Volume 229, Issue 2, August 2013, Pages 475-481
Atherosclerosis

Circulating osteopontin as a marker of early coronary vascular calcification in type two diabetes mellitus patients with known asymptomatic coronary artery disease

https://doi.org/10.1016/j.atherosclerosis.2013.06.003Get rights and content

Highlights

  • Circulating osteopontin, coronary atherosclerosis and calcification in type 2 diabetes mellitus patients.

  • Predicted power of the model determined by contrast cardiac computer tomography angiography was found.

  • Circulating osteopontin is high sensitivity tool for detection of coronary arteries calcification in asymptomatic patient.

Abstract

Objective

To evaluate the interrelation between circulating osteopontin (OPN) and coronary atherosclerosis and calcification in type 2 diabetes mellitus patients (T2DM).

Design and methods

126 subjects (46 patients with T2DM) with previously documented asymptomatic coronary artery disease (CAD) were enrolled in the study.
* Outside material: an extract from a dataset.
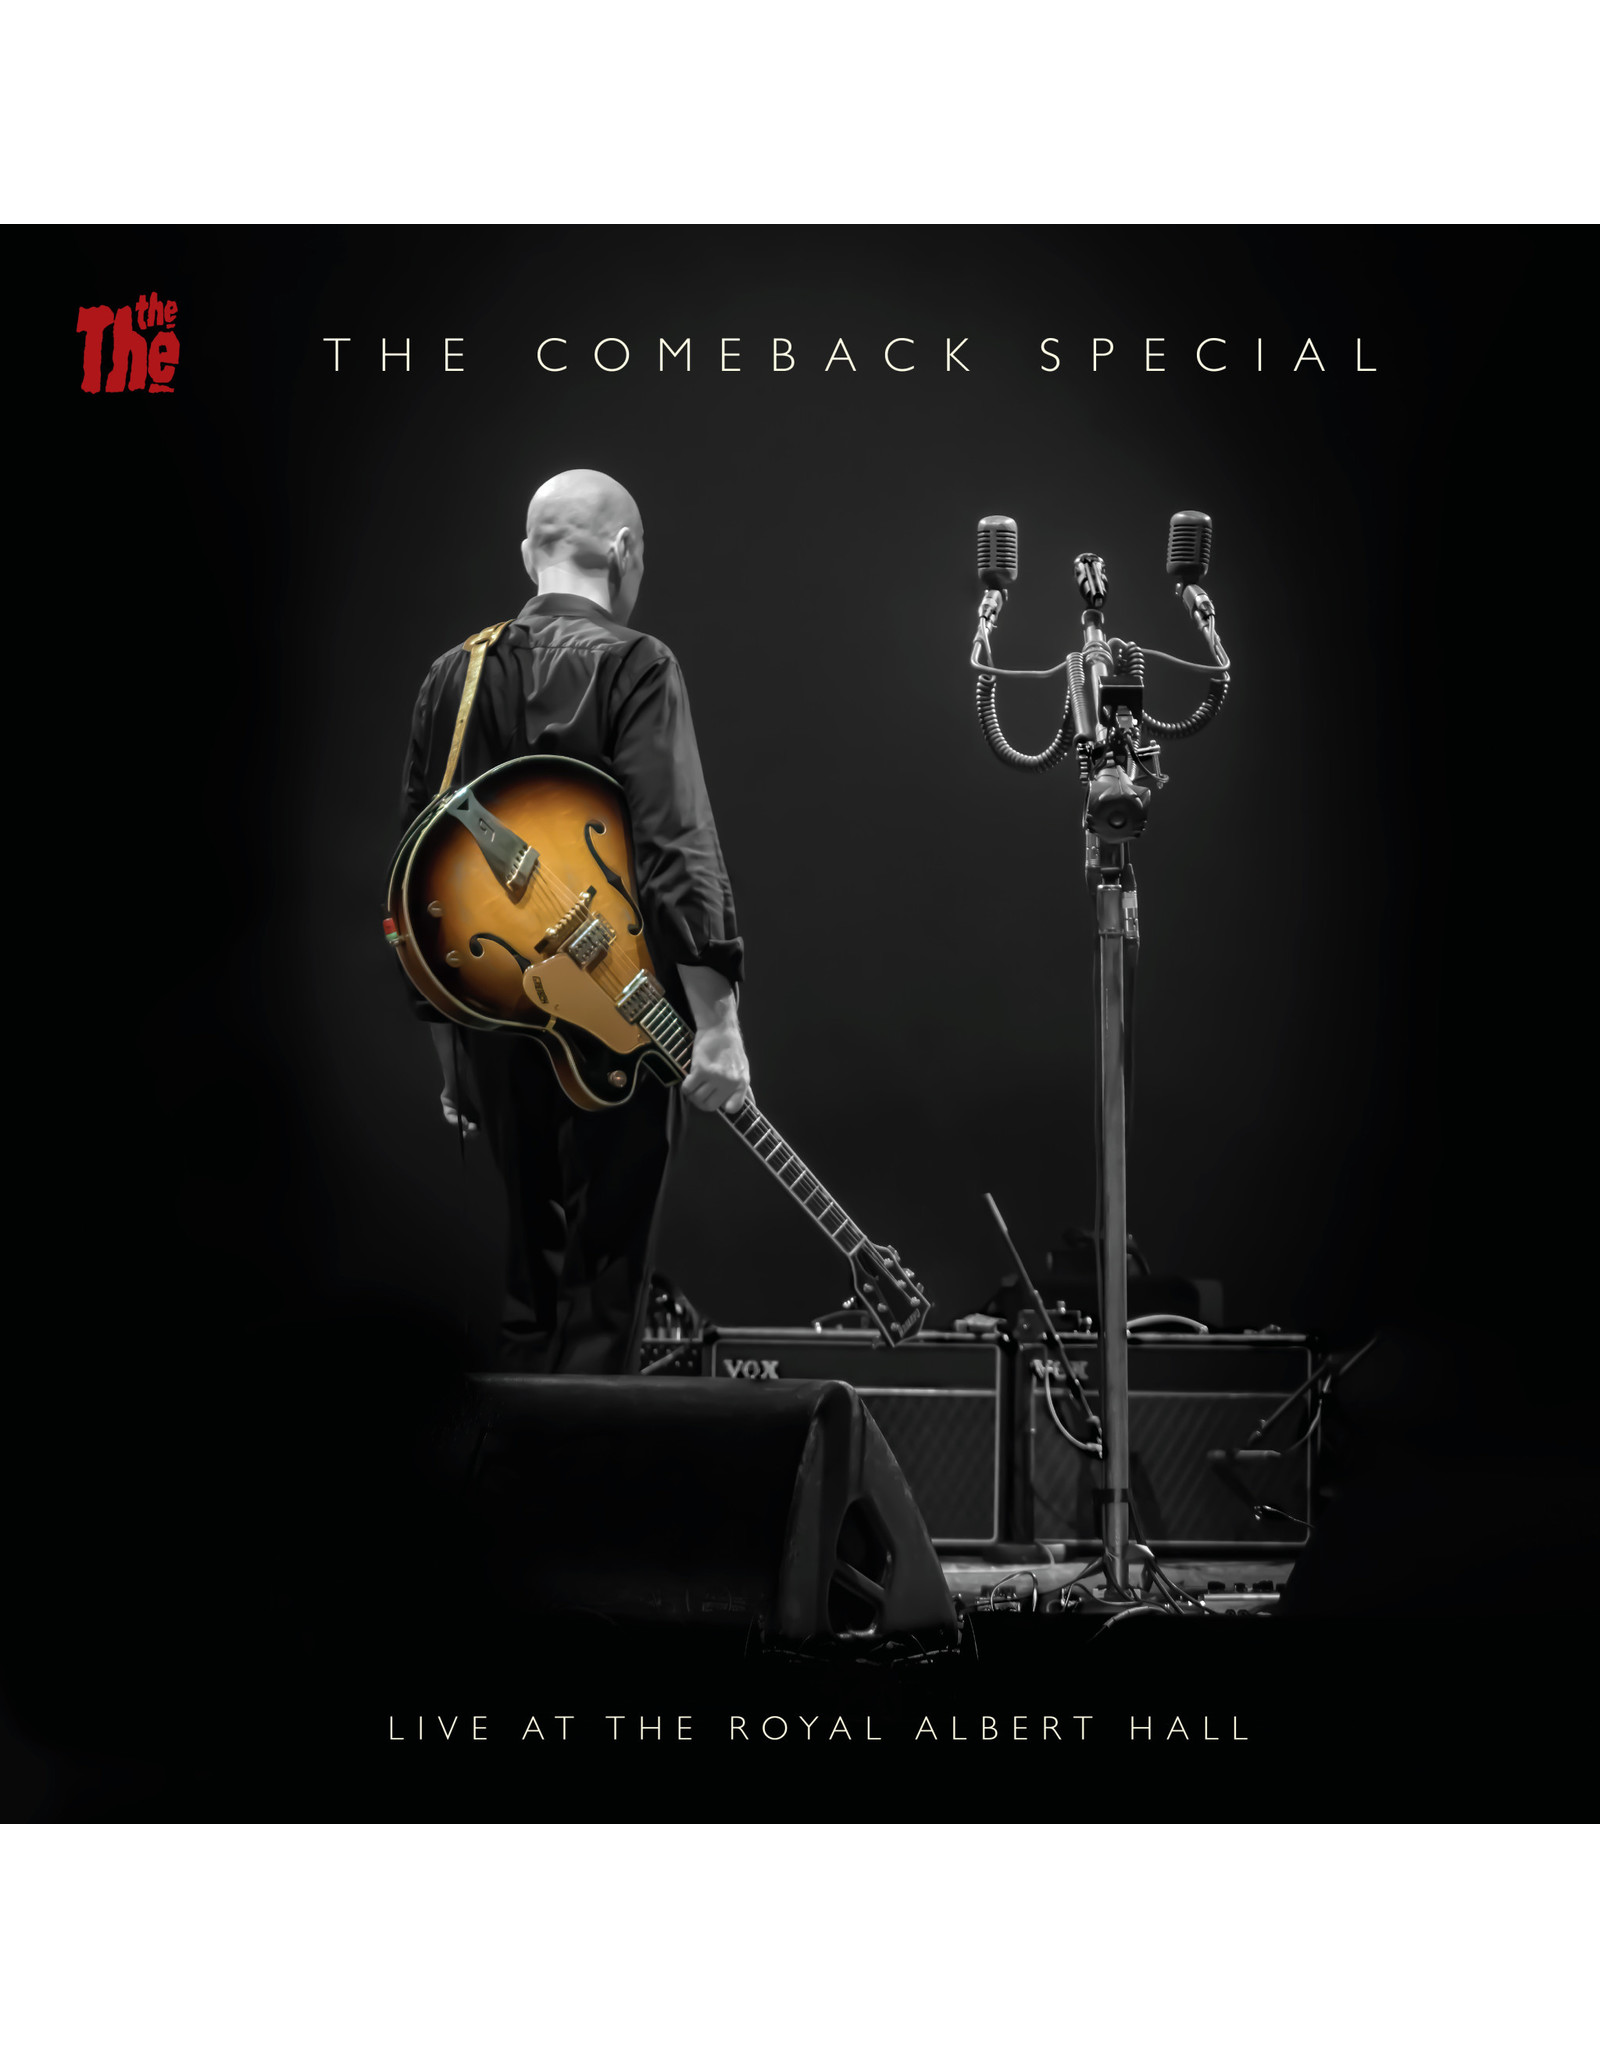 The The - Comeback Special: Live At Royal Albert Hall 2 CD

CAD was determined by contrast multispiral CT-angiography. OPN plasma levels were measured by ELISA.

Results

Analysis of the results showed that in a patient cohort the mean value of circulating OPN was 43.55 ng/mL (95% CI = 31.5–57.0 ng/mL). OPN plasma levels were correlated with Agatston score index (r = 0.418, P = 0.009), T2DM (r = 0.411, P = 0.006), gender (r = 0.395, P < 0.001 for male), TC (r = 0.405, P = 0.006), hsC-RP (r = 0.368, P = 0.008), age (r = 0.256, P = 0.001), smoking (r = 0.255, P = 0.001) and inversely to LVEF (r = −0.579, P = 0.001). Cox-regression analyzes showed that in T2DM patients upper quartile OPN compared with the lowest quartile are associated with Agatston score index (adjusted OR = 3.23, 95% CI = 1.09–5.20; P = 0.044), numerous of damaged coronary arteries (adjusted OR = 2.60, 95% CI = 1.10–9.20, P = 0.005). The findings suggest that the predictive power of the model for asymptomatic CAD patients with T2DM, the estimated AUC (area under curve) was 0.788. In this case, the concentration of OPN that had the best predict potential on the risk of coronary atherosclerosis was 48.5 ng/mL.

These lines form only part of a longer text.